Your objective
A word-for-word copy of the data, with no images, is the required answer.

**** Information shown ****

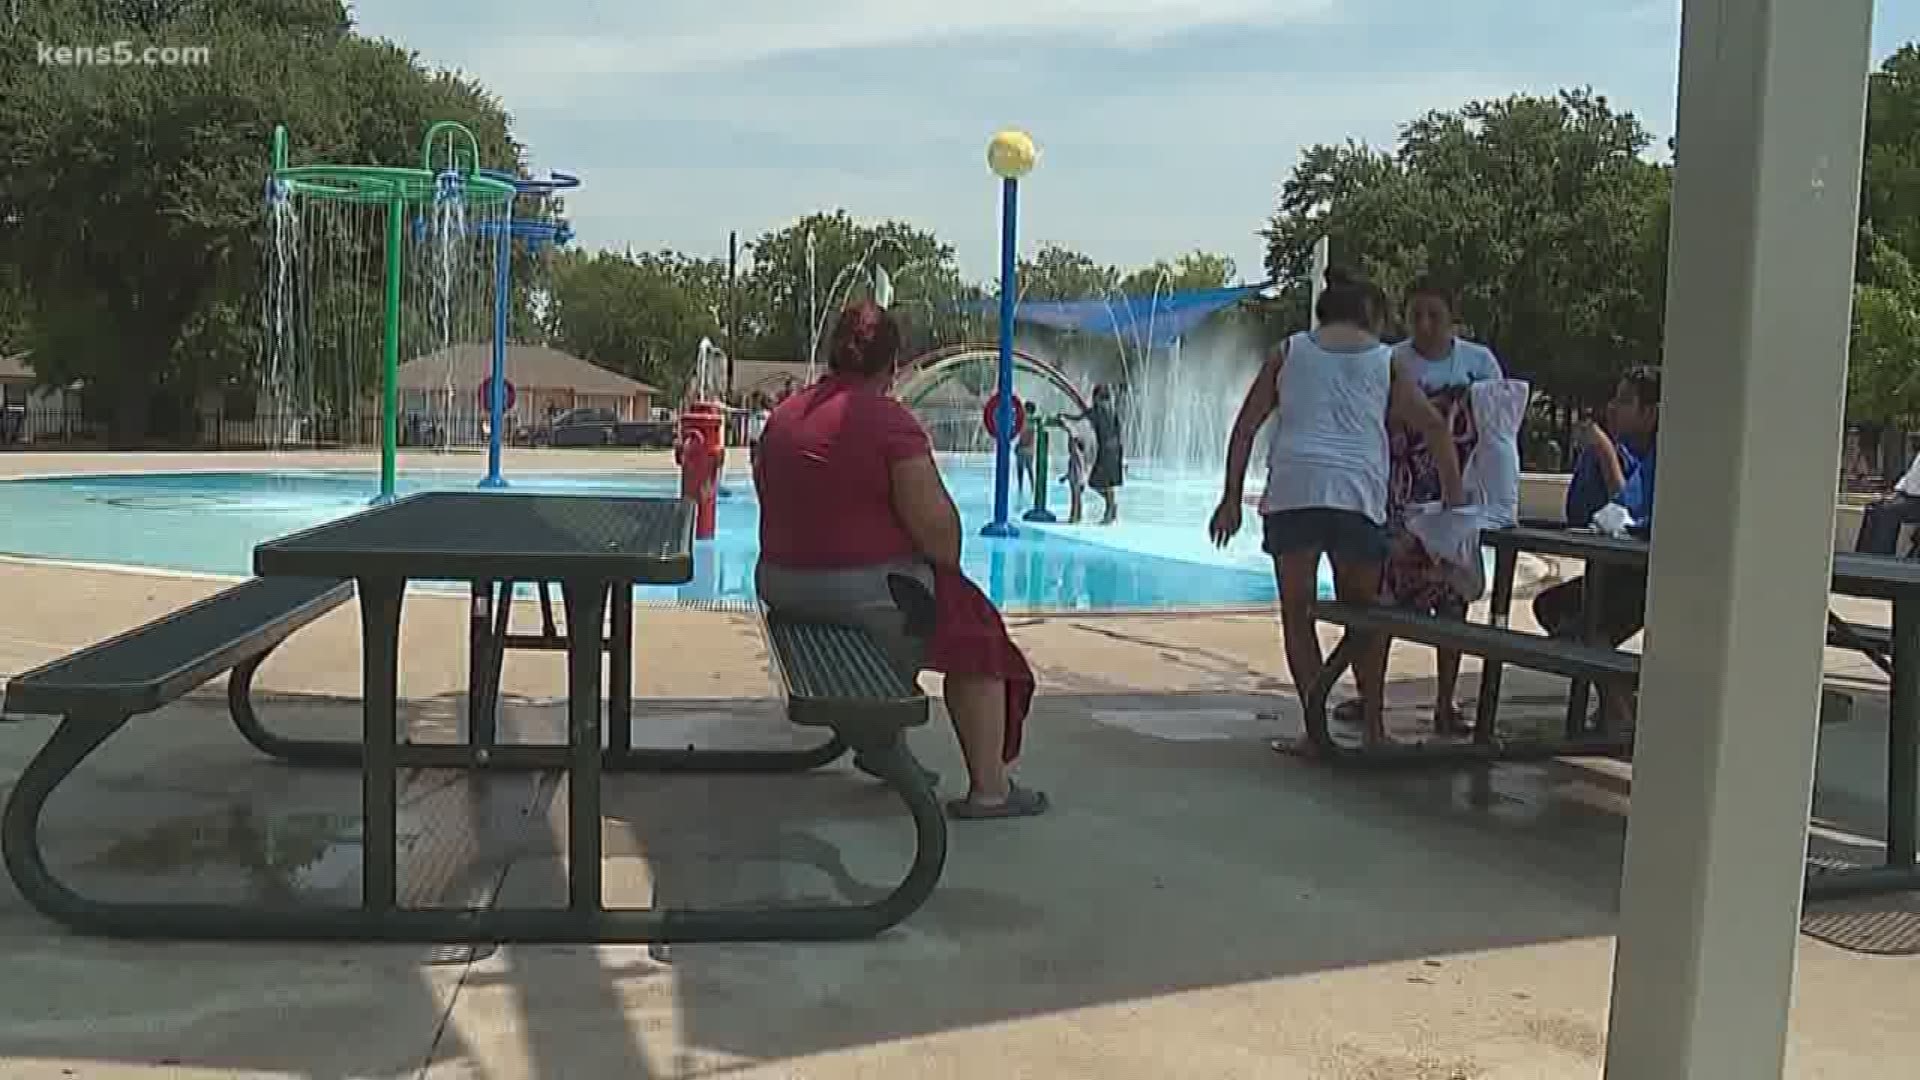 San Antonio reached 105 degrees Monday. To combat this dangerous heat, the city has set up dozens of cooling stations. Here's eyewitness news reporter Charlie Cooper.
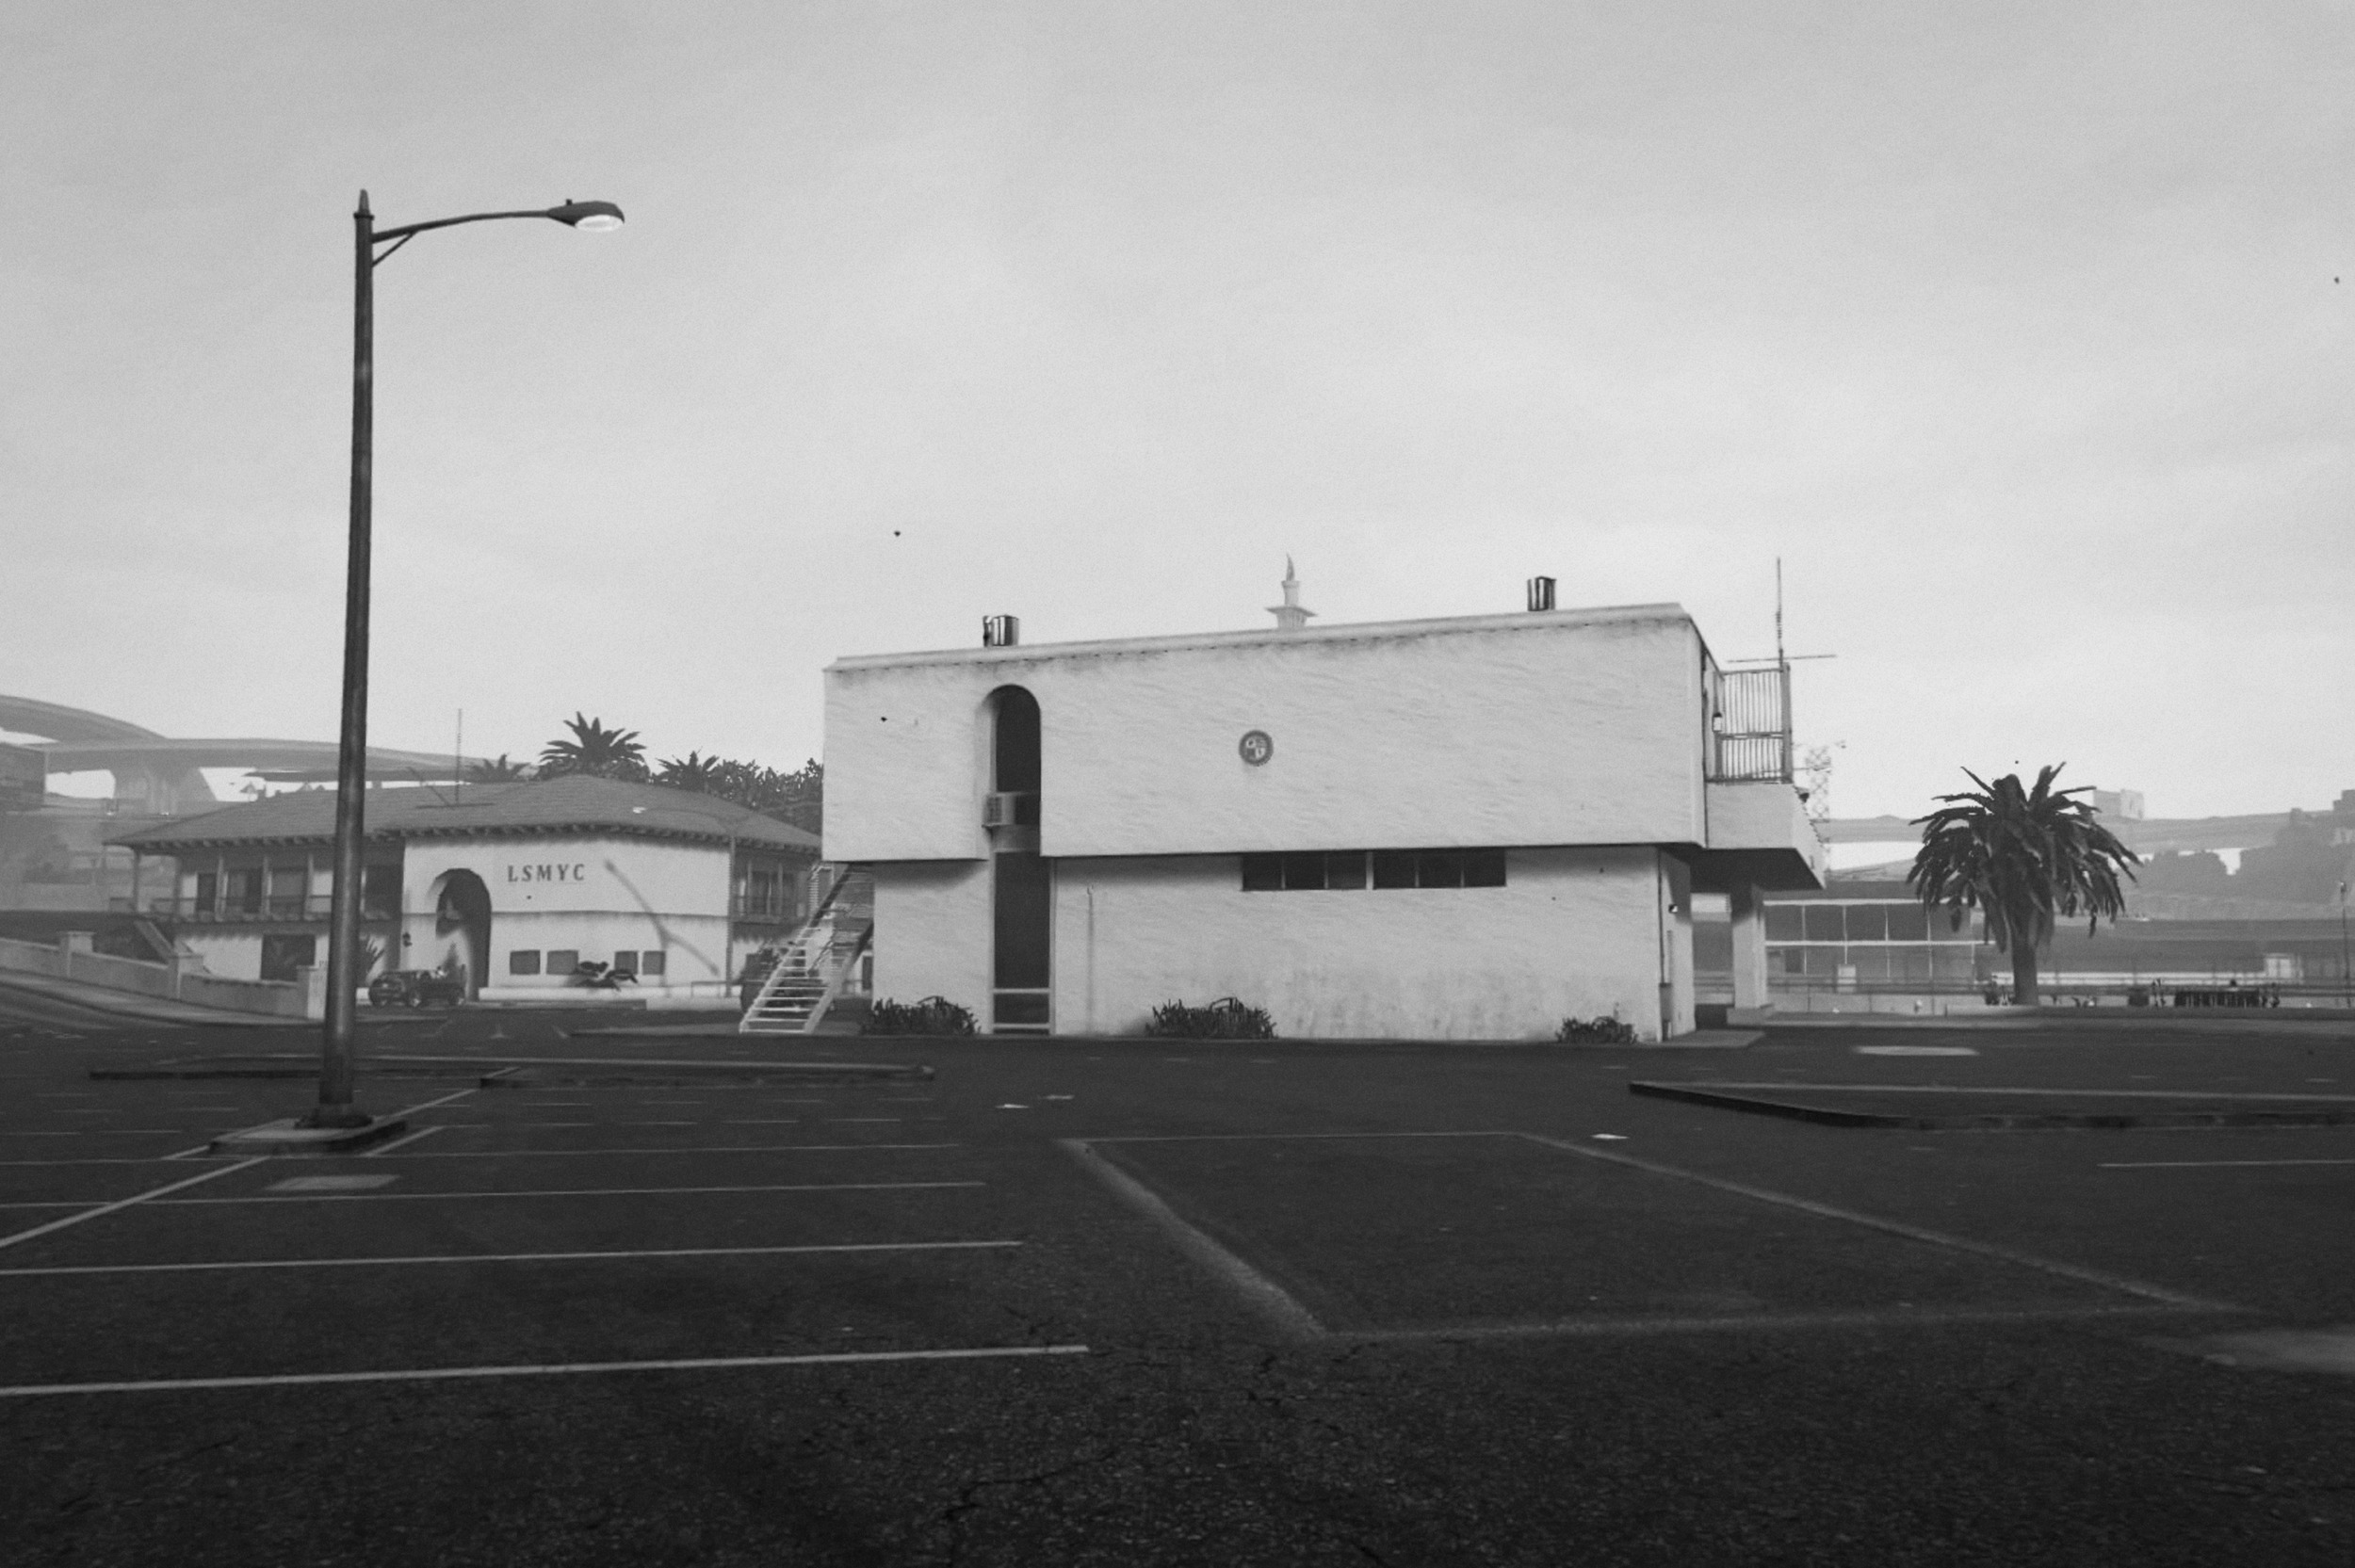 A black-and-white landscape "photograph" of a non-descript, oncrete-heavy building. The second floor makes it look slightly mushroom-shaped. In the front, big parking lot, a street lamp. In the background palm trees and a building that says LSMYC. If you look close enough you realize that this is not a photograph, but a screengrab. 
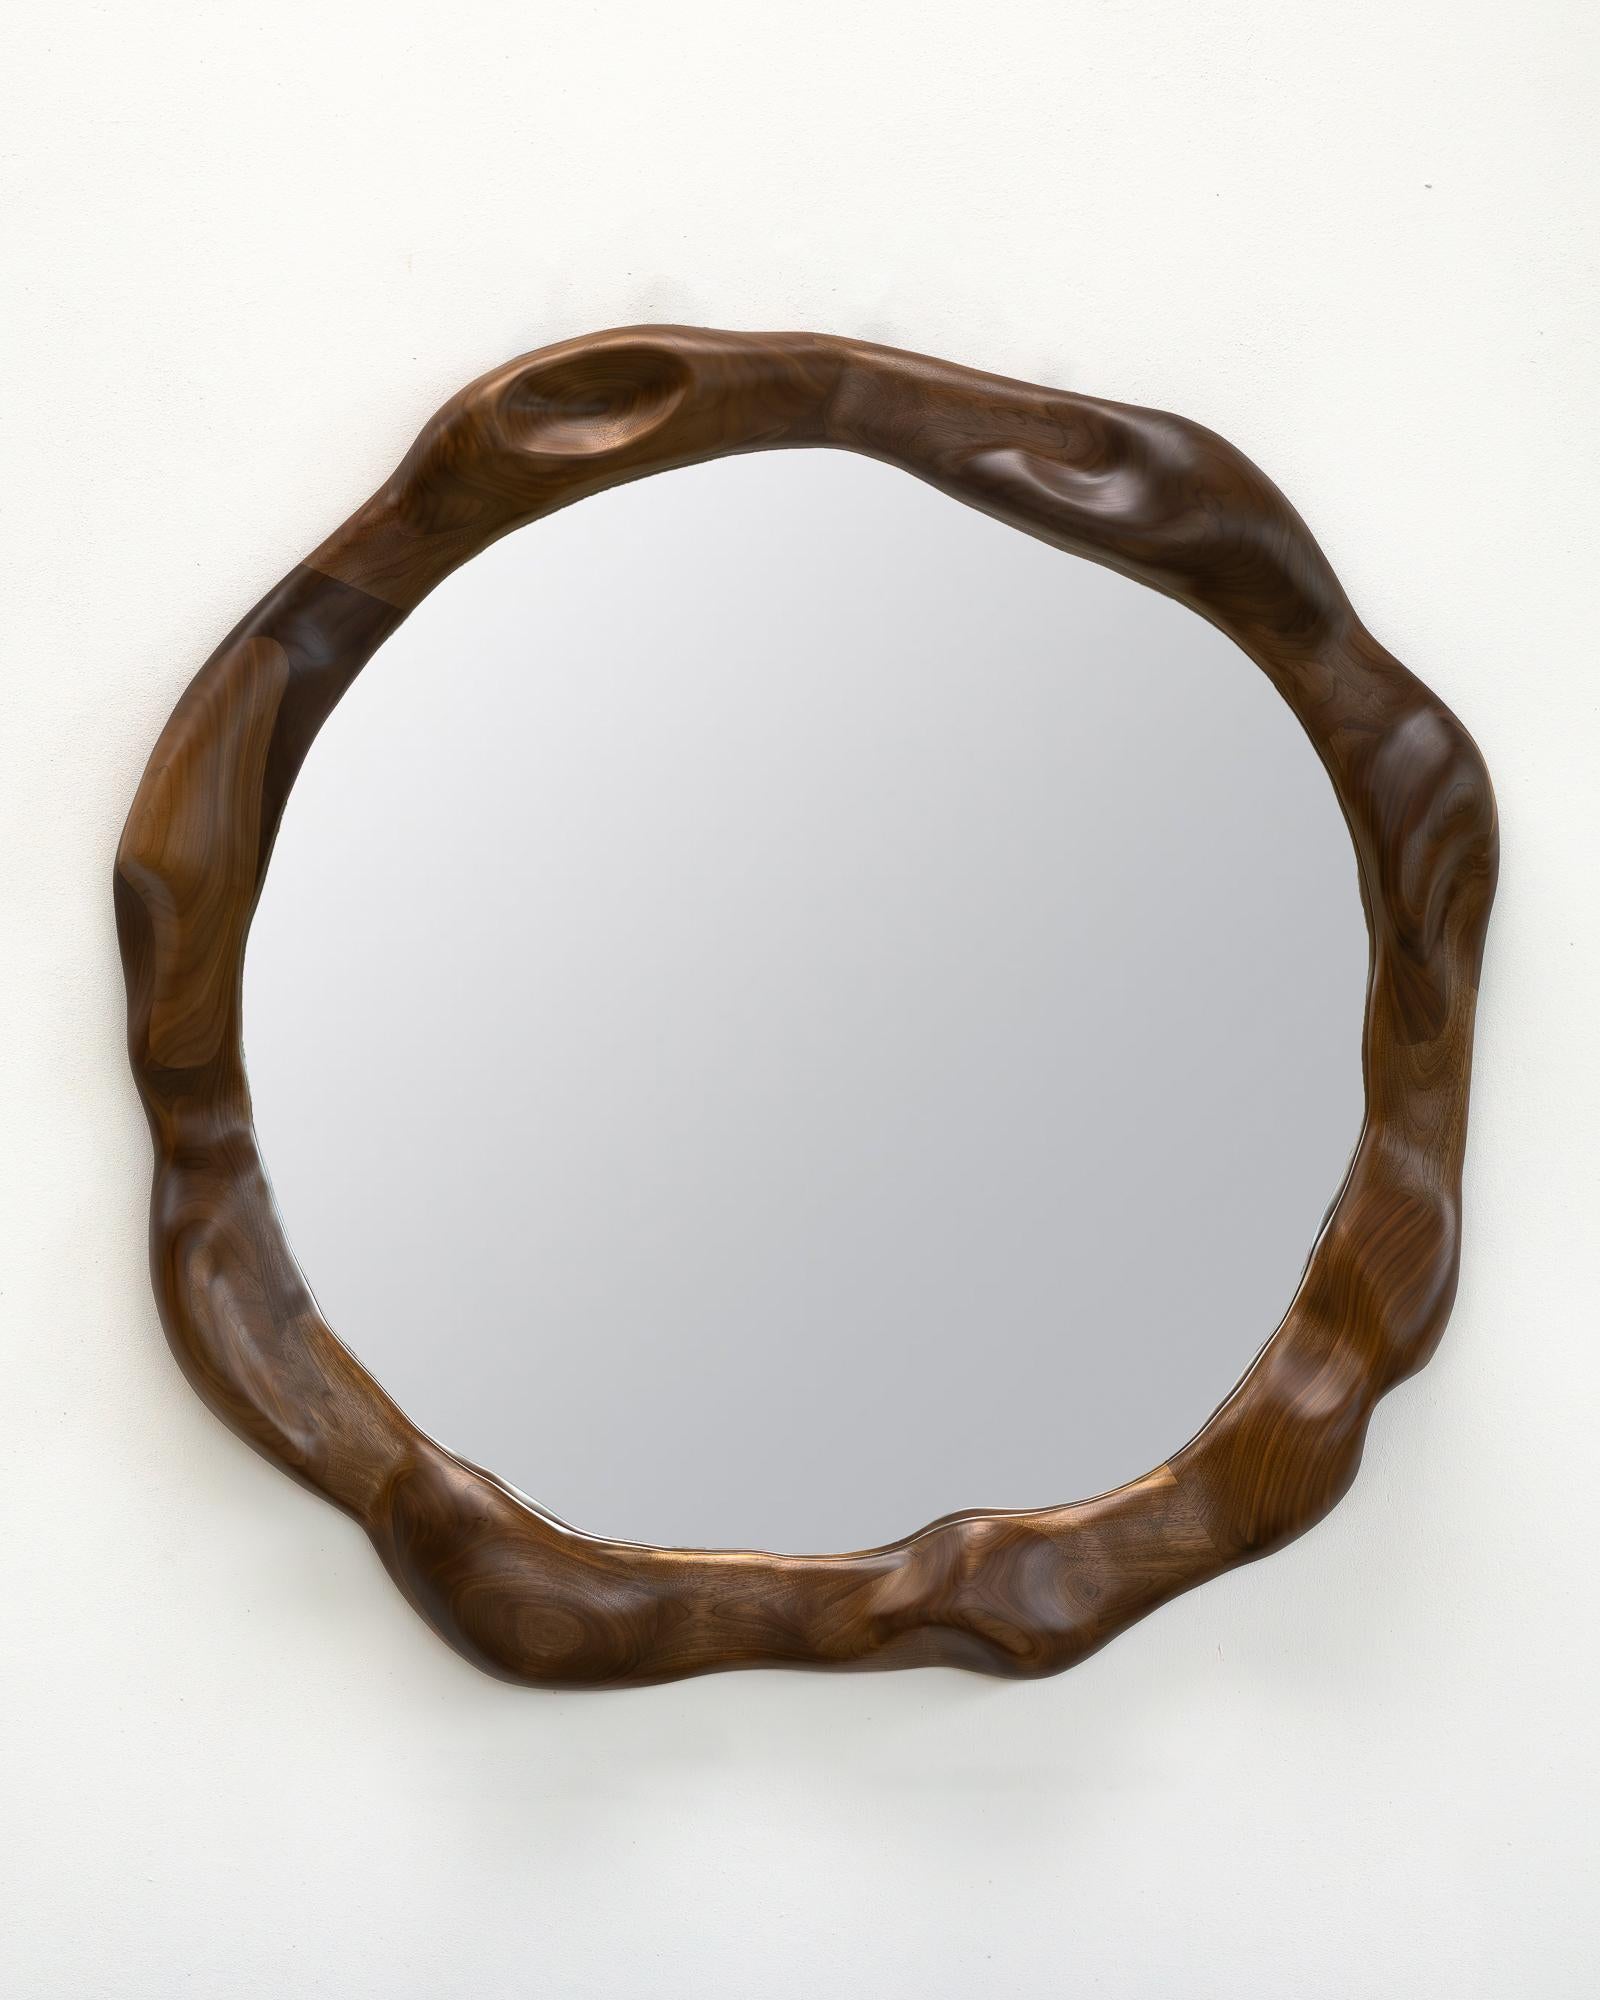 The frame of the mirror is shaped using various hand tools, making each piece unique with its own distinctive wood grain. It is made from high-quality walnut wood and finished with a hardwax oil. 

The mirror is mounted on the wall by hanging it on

****

Written reply
 San Antonio reached 105 degrees Monday. To combat this dangerous heat, the city has set up dozens of cooling stations. Here's eyewitness news reporter Charlie Cooper.
 A black-and-white landscape "photograph" of a non-descript, oncrete-heavy building. The second floor makes it look slightly mushroom-shaped. In the front, big parking lot, a street lamp. In the background palm trees and a building that says LSMYC. If you look close enough you realize that this is not a photograph, but a screengrab. 
 The frame of the mirror is shaped using various hand tools, making each piece unique with its own distinctive wood grain. It is made from high-quality walnut wood and finished with a hardwax oil. 

The mirror is mounted on the wall by hanging it on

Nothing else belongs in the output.